In our example case, this means the service rules of New York. And if an American judge has expressly permitted service by e-mail in his order, it is certainly a considerable risk to argue later in Germany that this type of service was (also) inadmissible in America.
(b) In addition, according to at least some expert opinions, a defect in service is cured if the defendant actually received the statement of claim in time so that he could defend himself against the complaint. You would then have to have the “guts” to argue in the recognition proceedings in Germany that you did not receive the complaint. If you have, however, actually received (and understood) the statement of claim, no lawyer can recommend to you to outright deny it. This is because you would then be making a false statement in court, and that can be punishable in Germany as fraud (§ 263 StGB).

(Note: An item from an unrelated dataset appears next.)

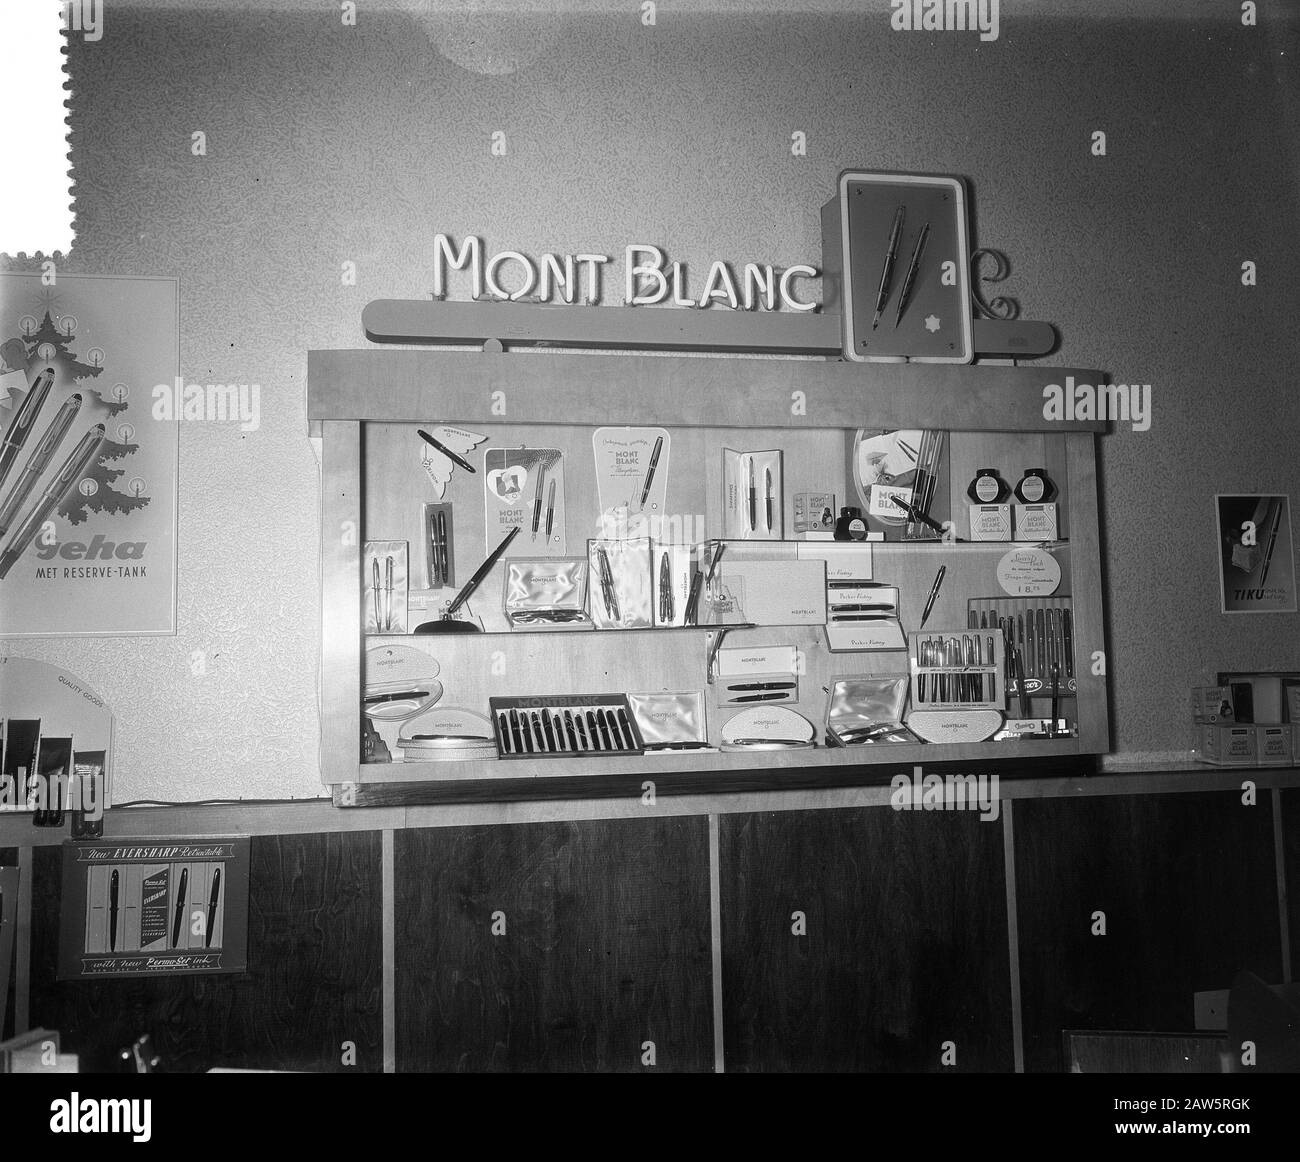 Verträge Montblanc Werbung Zeist Termine: 22. Juni 1955 Standort: Utrechter, Zeist Stichwörter: Werbeperson Name: Montblanc Werbung Stockfoto

c) The safest, albeit most cost-intensive, option is therefore to get involved in the lawsuit in New York, i.e. to hire a lawyer there to defend you against the complaint. To ensure that you do not end up with the wrong colleague in New York, it can be useful to have a German lawyer mediate the contact. This is especially true if your language skills in the legal terminology are perhaps not good enough to confidently correspond with a New York lawyer yourself.